After careful analysis by this office and the International Nomenclature Staff, Office of Regulations and Rulings, we have concluded that the term "retail sale" is not specifically defined in either the Legal Notes or the Explanatory Notes to the tariff schedule. Thus, we may consult representative dictionary definitions to derive the common and commercial meaning of the term "retail sale." Black's Law Dictionary, Fifth Edition, 1979, defines the term "retail sale" as: "A sale in small quantities or direct to consumer, as distinguished from sale at "wholesale" in large quantity to one who intends to resell." The term "retailer" is defined in Black's Law Dictionary, Fifth Edition, 1979, as follows: "A person engaged in making sales to ultimate consumers." The term "retail" has been defined by the Customs Court as "sales in small quantities to ultimate consumers." See Ed Alexander v. United States, 78 Cust. Ct. 137, C.D. 4699 (1977).
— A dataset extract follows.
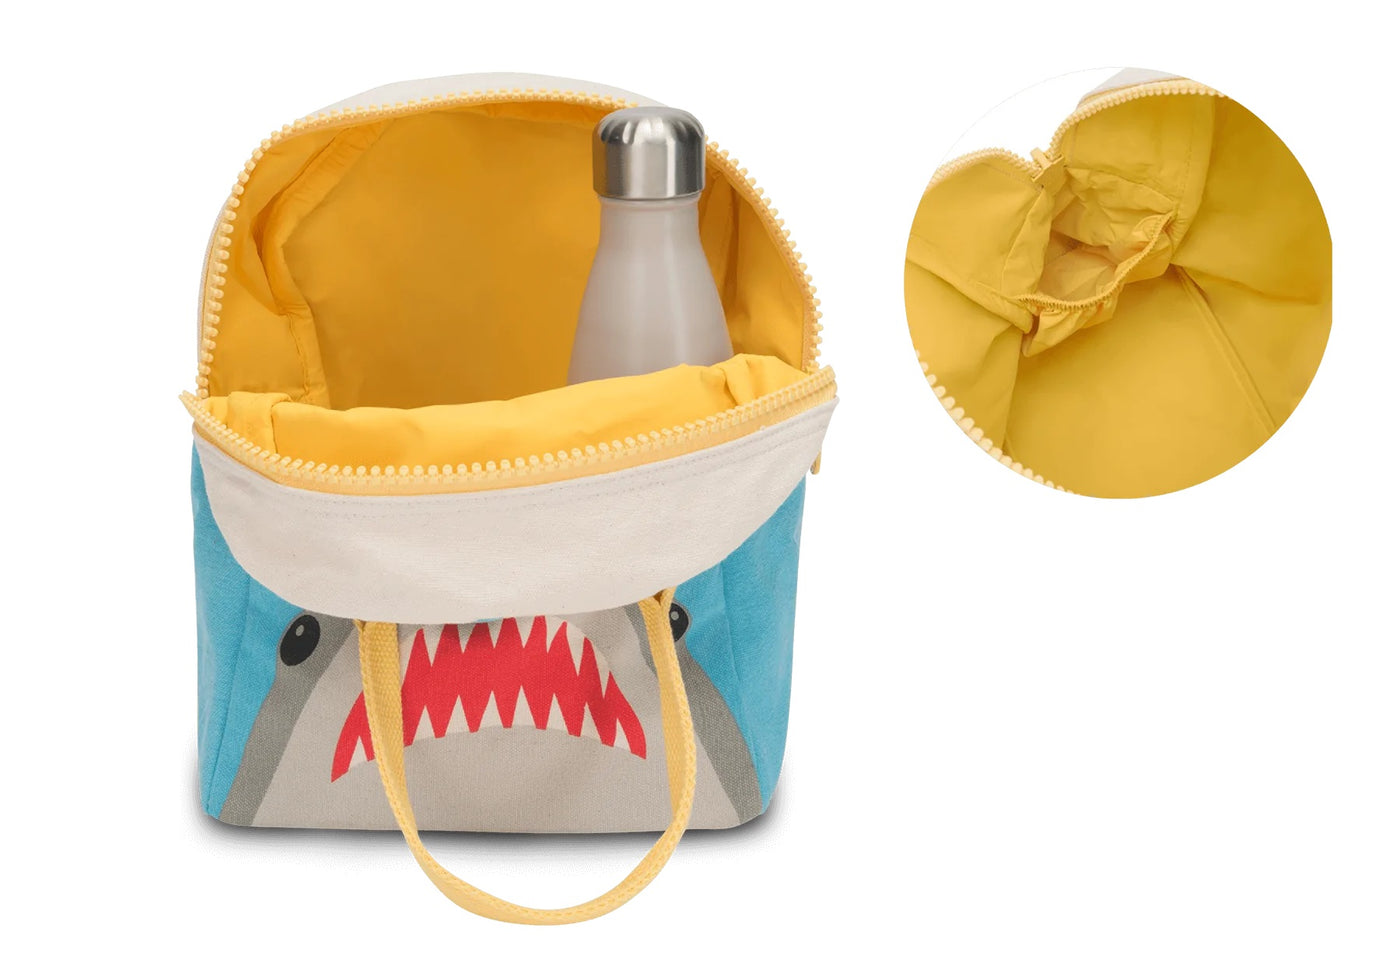 Fluf Lunch Bag With Zipper - Shark

It is a well settled principle of Customs law that, in the absence of deception, disguise, or artifice resorted to for the purpose of perpetrating a fraud upon the revenue, imported merchandise must be classified with reference to its condition when imported. See United States v. Citroen, 223 U.S. 407 (1911). The term "condition when imported" has been interpreted by the courts to mean the condition of the goods when they are brought within the jurisdiction of the United States with intent to unlade. See Roser Customs Service, a/c Continental Ore Corporation et al. v. United States, 64 Cust. Ct. 20, C.D. 3953 (1970). Here, the dog treats are being imported into the jurisdiction of the United States in plain, unmarked, 22 and 27.5 pound cartons without plastic bags. These 22 and 27.5 pound boxes of pet snacks each contain approximately 2,100 items. The dog treats are not put up in individual packages. The merchandise is later repackaged into marked boxes which are shipped to pet stores. Most consumers do not purchase 22 or 27.5 pound cartons of pet treats, but rather, will buy much smaller quantities of treats in the weigh out bags provided by the importer. Thus, at the time of importation, the merchandise is shipped in large, unmarked boxes which are intended to be the source from which smaller quanitites of dog treats will be sold.

Based on the facts in this specific case, we have determined that the condition of the merchandise when it enters the United States constitutes bulk shipments, rather than retail packages. Moreover, the fact that the ultimate consumer will purchase a smaller quantity of the dog treats at the time of sale does not affect classification of the merchandise when imported. These goods, however, are distinguishable from those dog and cat treats imported by Mardel which are already individually packaged in small pouches suitable for retail sale when they enter the United States. The latter dog and cat treats would be classified in subheading 2309.10.00, HTSUSA, and subject to the 100 percent rate of duty under subheading 9903.23.35, HTSUSA.

HOLDING:

Based on the foregoing analysis, the dog treats being imported into the United States in 22 and 27.5 pound cartons are considered bulk shipments, and should be classified in subheading 2309.90.90, HTSUSA, as preparations of a kind used in animal feeding: Other: Other: Other: Other. Merchandise classified under this subheading is subject to a 3 percent rate of duty.